I need a walkthrough solve on this scramble : B2 R2 F2 D L2 B2 D2 F2 D2 L2 D2 F' R' F' U B D U2 L B2 L

Method :
Edges : tuRBo
Corners : OP

Buffers :
Edges : UF
Corners : UBL

Also, please can anyone also give a second explanation for corners using 3-style?

Thanks in advance


----------



## y235 (Jun 23, 2016)

(I assume the scramble is preformed in solving orientation).

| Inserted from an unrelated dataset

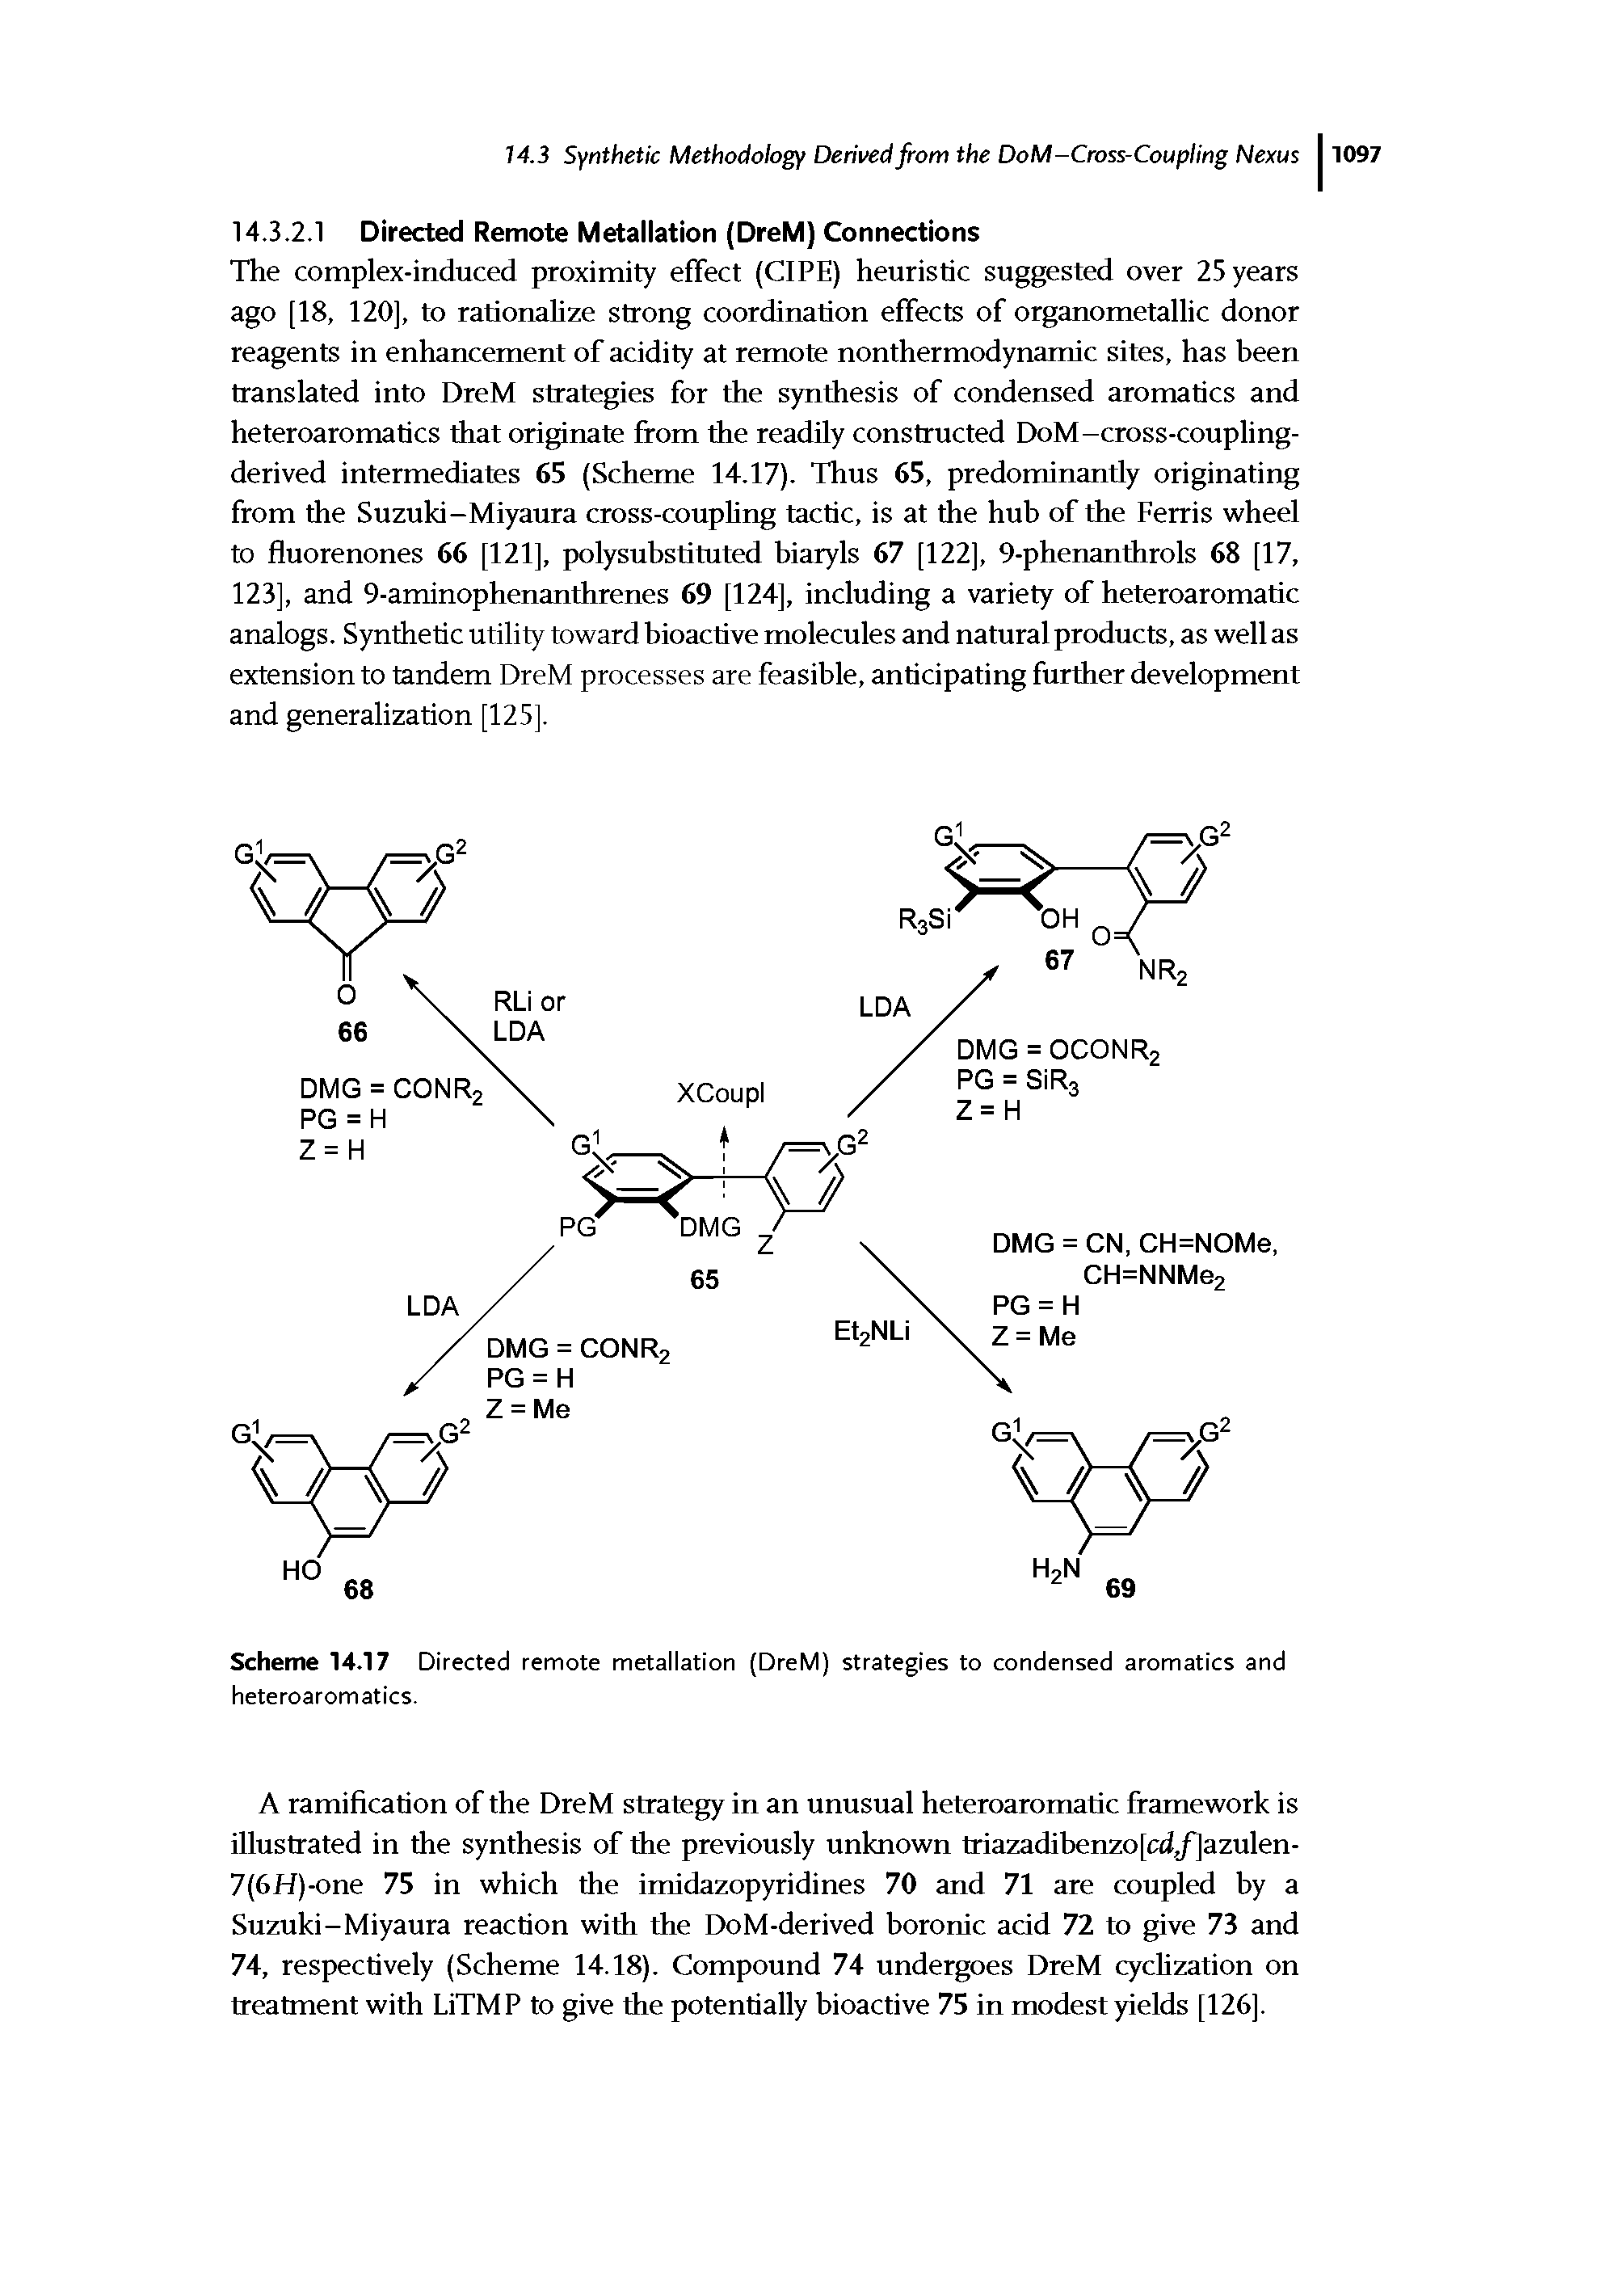 Scheme 14.17 Directed remote metallation (DreM) strategies to condensed aromatics and heteroaromatics.

The edge cycle is BU-DF-(breaking to a new cycle)-UR-RD-BD-LB-RB-FL-LU-DL-UR.
The corner cycle is FRD-BRU-DBL-DLF-LUF-RFU-DRB.

//Edges:
[D R2 B L: R2 U R U R' U' R' U' R' U R'] // setting up BU and DF to UL and UR, then alg and undo setup.
[D2 L2: U' R U R' U' M' U R U' Rw' U] //setting up UR and RD to UR and LU, then alg and undo setup.
[L D' R2: M U' M' U2 M U' M'] //setting up BD and LB to RU and LU, then alg and undo setup.
[R' L': U' Rw' U' R U M' U' R' U R U] //setting up RB and FL to RU and UL, then alg and undo setup.
[D2 R2: U' Rw U R' U' M U R U' R' U] //setting up LU and DL to LU and UR, then alg and undo setup.
//Corners:
[R: F R U' R' U' R U R' F' R U R' U' R' F R F'] //setting up FRD to URF, Y-Perm and undo setup.
[R': F R U' R' U' R U R' F' R U R' U' R' F R F'] //setting up BRU to URF, Y-Perm and undo setup.
[D F2: F R U' R' U' R U R' F' R U R' U' R' F R F'] //setting up DBL to URF, Y-Perm and undo setup.
[F2: F R U' R' U' R U R' F' R U R' U' R' F R F'] //setting up DLF to URF, Y-Perm and undo setup.
[F: F R U' R' U' R U R' F' R U R' U' R' F R F'] //setting up LUF to URF, Y-Perm and undo setup.
[F': U2 R U R' F' R U R' U' R' F R2 U' R' U' U2] //setting up RFU to UFL, Jb-Perm and undo setup.
[R2: F R U' R' U' R U R' F' R U R' U' R' F R F'] // setting up DRB to URF, Y-perm and undo setup.

//Fixing Parity:
(M2' U)2 M' (U2 M2' U2) M' U2 //Z-Perm

As for 3-style - there's Noah's series (https://www.speedsolving.com/forum/threads/noahs-3-style-tutorial.39409/) and also Brian Yu's tutorial (https://www.speedsolving.com/forum/threads/bh-tutorial.12268/). There are some more links to tutorials here - https://www.speedsolving.com/wiki/index.php/Beyer-Hardwick_Method.


----------



## CxCxC (Jun 23, 2016)

Thanks, that was really helpful. I was doing something wrong in the corners' stage.


----------



## Daniel Lin (Jun 24, 2016)

CxCxC said:


> Also, please can anyone also give a second explanation for corners using 3-style?


[D' R':[R' D R, U2]
[z l:[R D2 R', U2]]
[z U' D' R':[U2, R' D R]]
[R2:yperm]

you could've posted this in the help thread for BLD


----------